## INSTRUCTIONS TO FOLLOW
Please retype, word for word, the line containing "Scoop plexiglass table large" and every line after it through the end of the records, leaving out all pictures.
+ + +
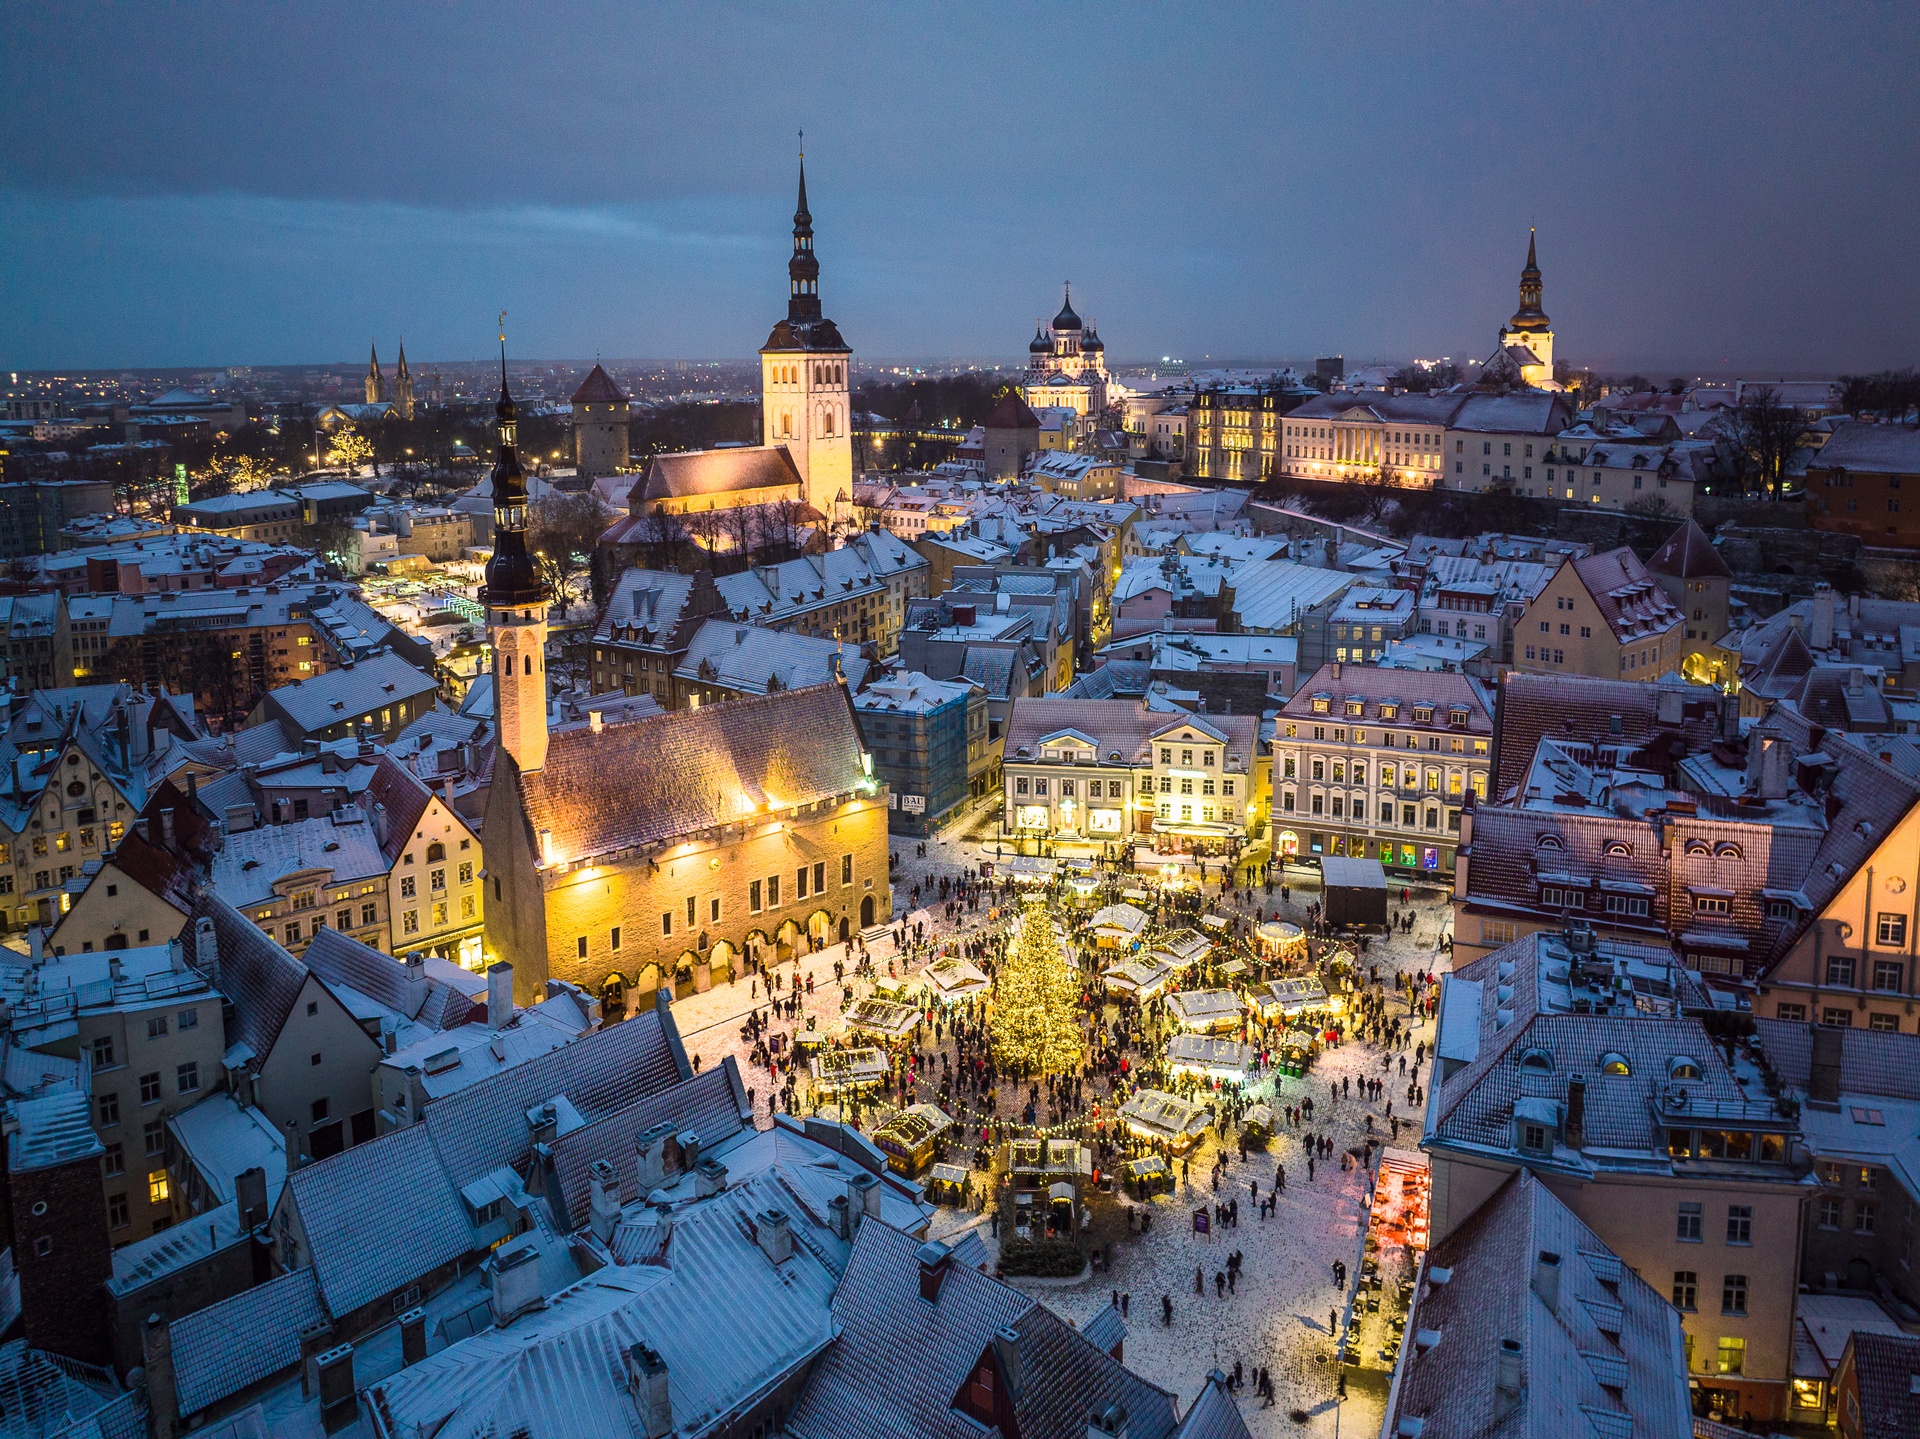 Tallinn Christmas market at night
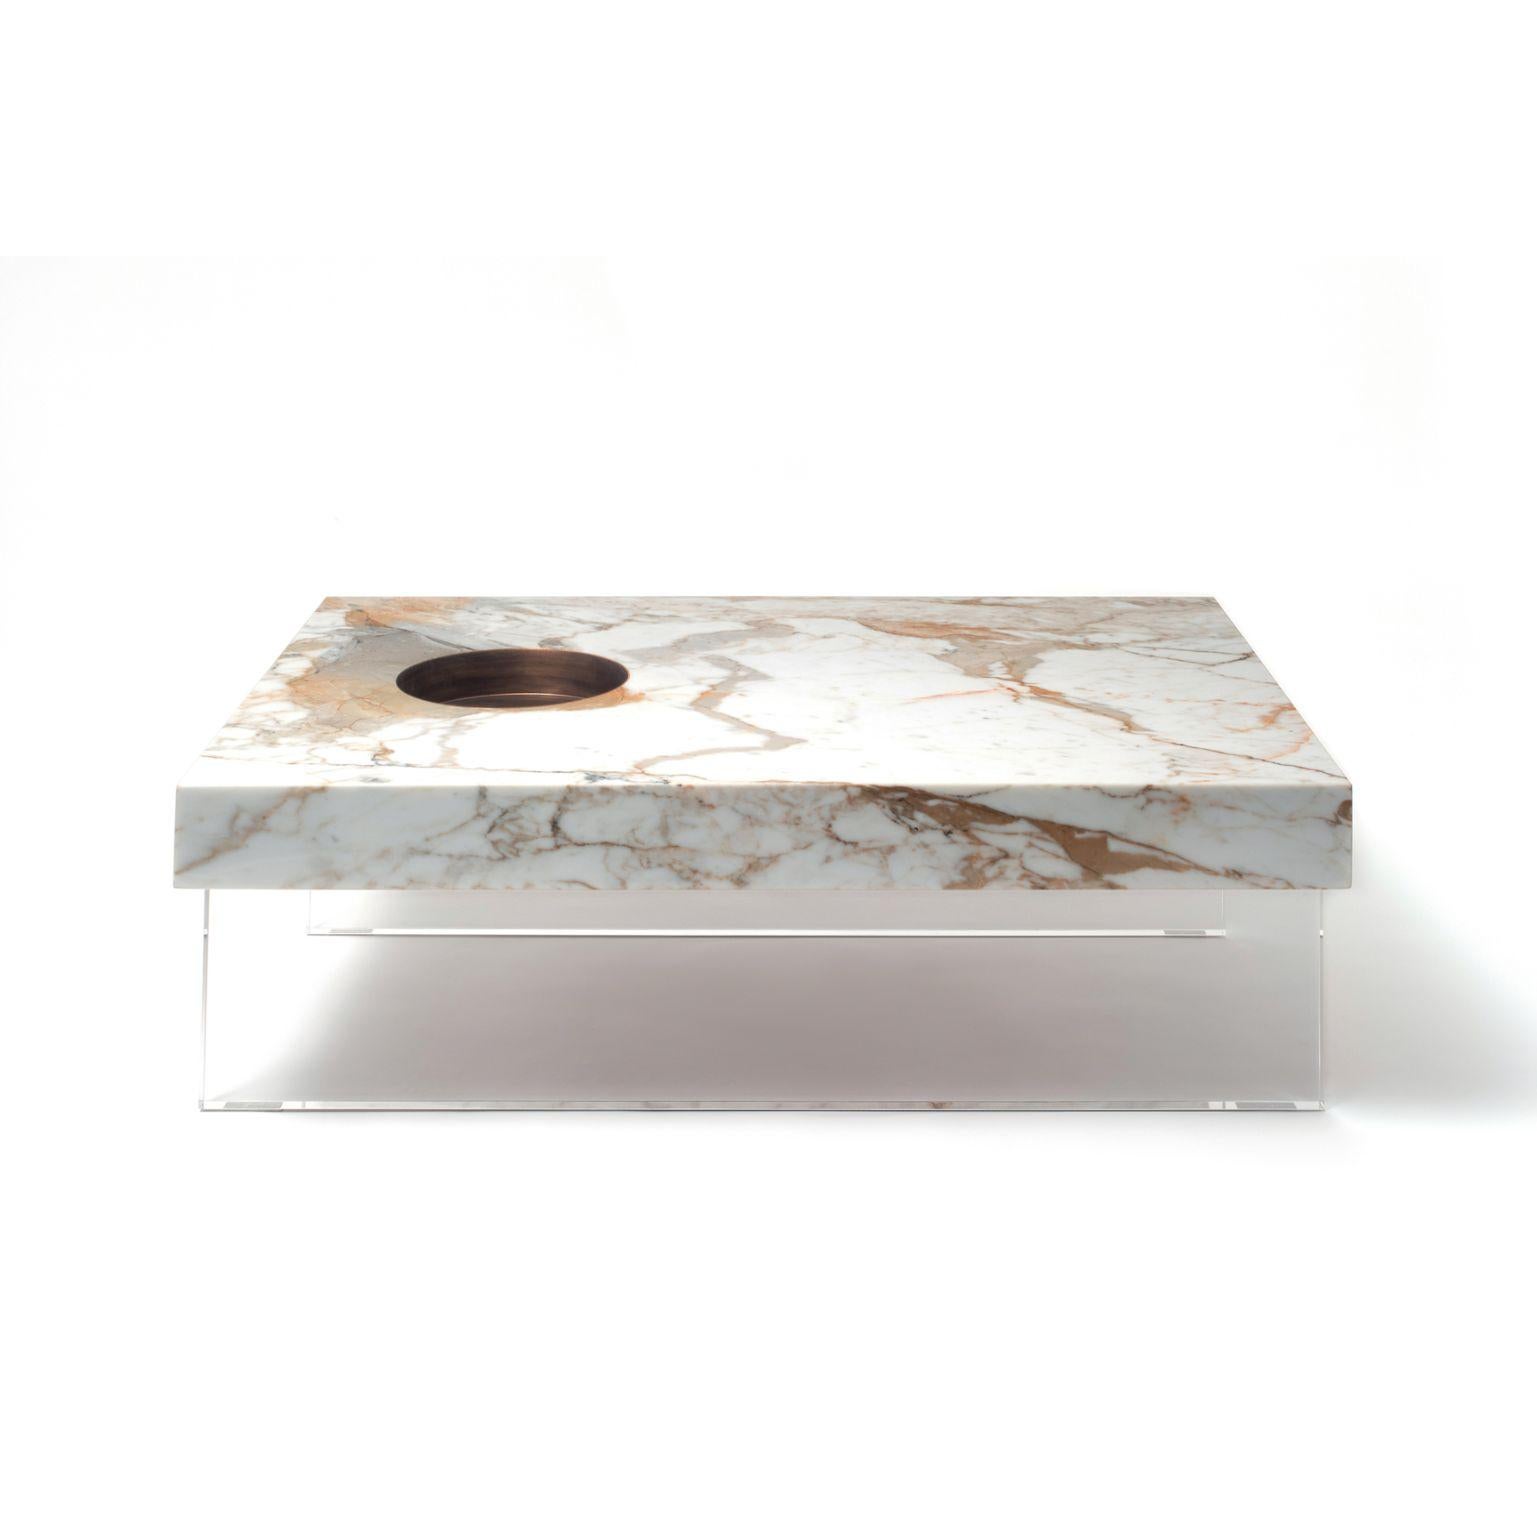 Scoop plexiglass table large by Stefano Belingardi Clusoni
Dimensions: 100 x 70 x 36 cm
Materials: Calacatta oro, brass, wood, plexiglass

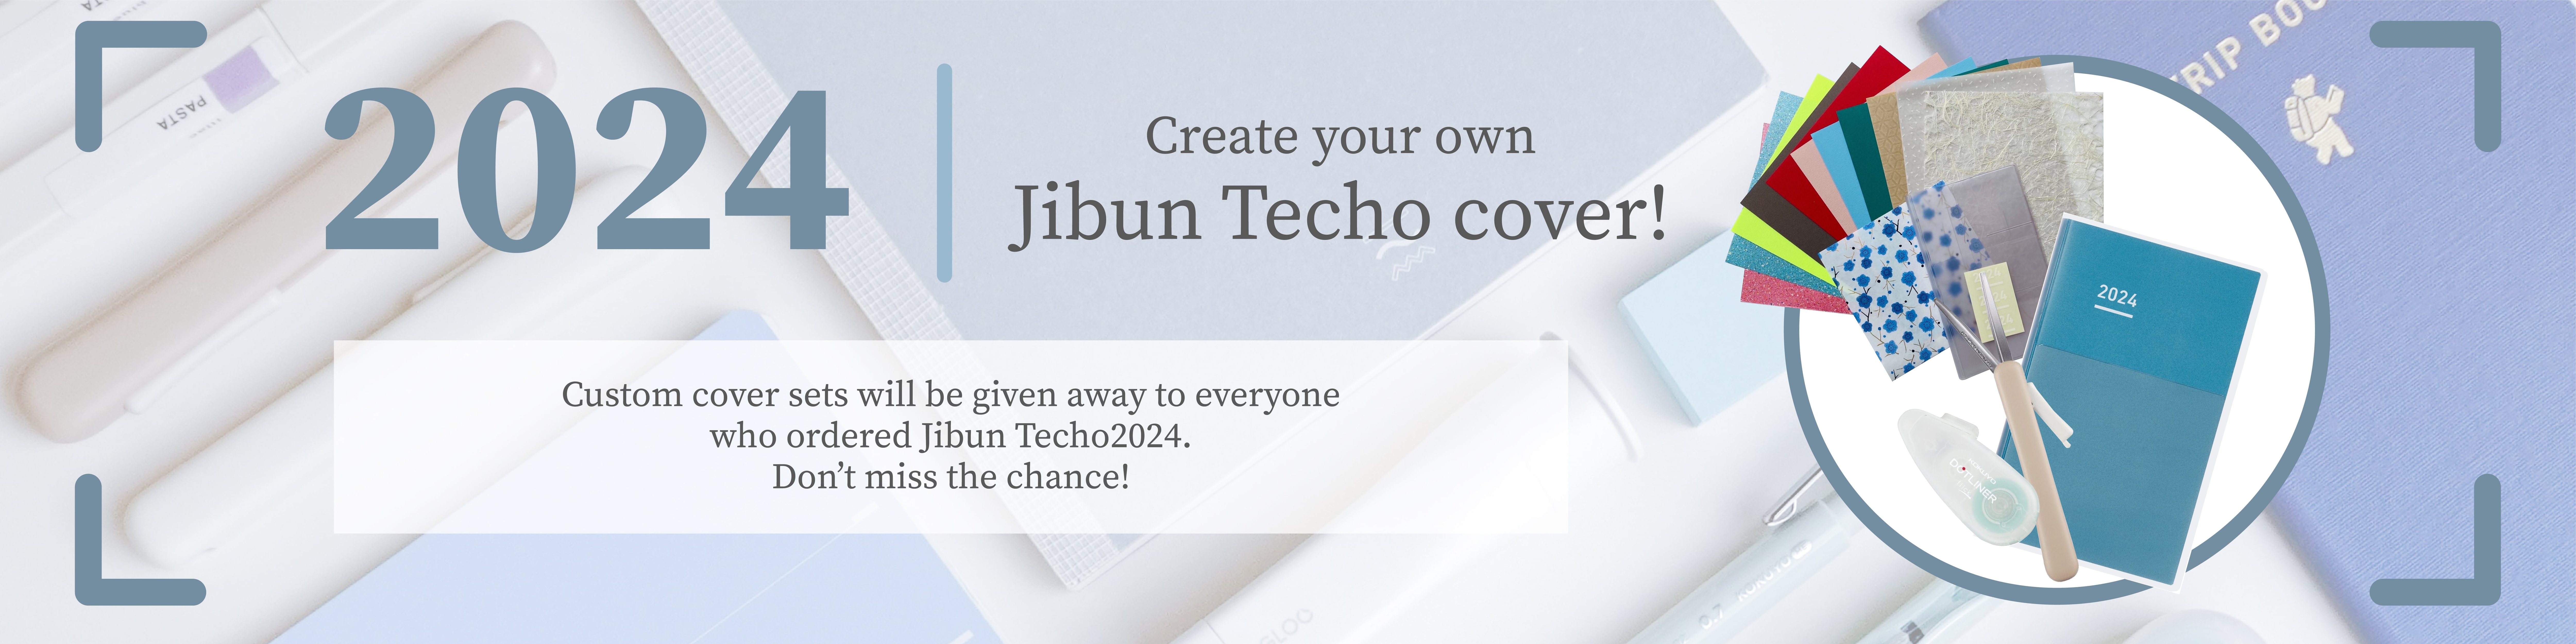 Jibun Techo banner
+ + +
## TASK SOLUTION
 Scoop plexiglass table large by Stefano Belingardi Clusoni
Dimensions: 100 x 70 x 36 cm
Materials: Calacatta oro, brass, wood, plexiglass

 Jibun Techo banner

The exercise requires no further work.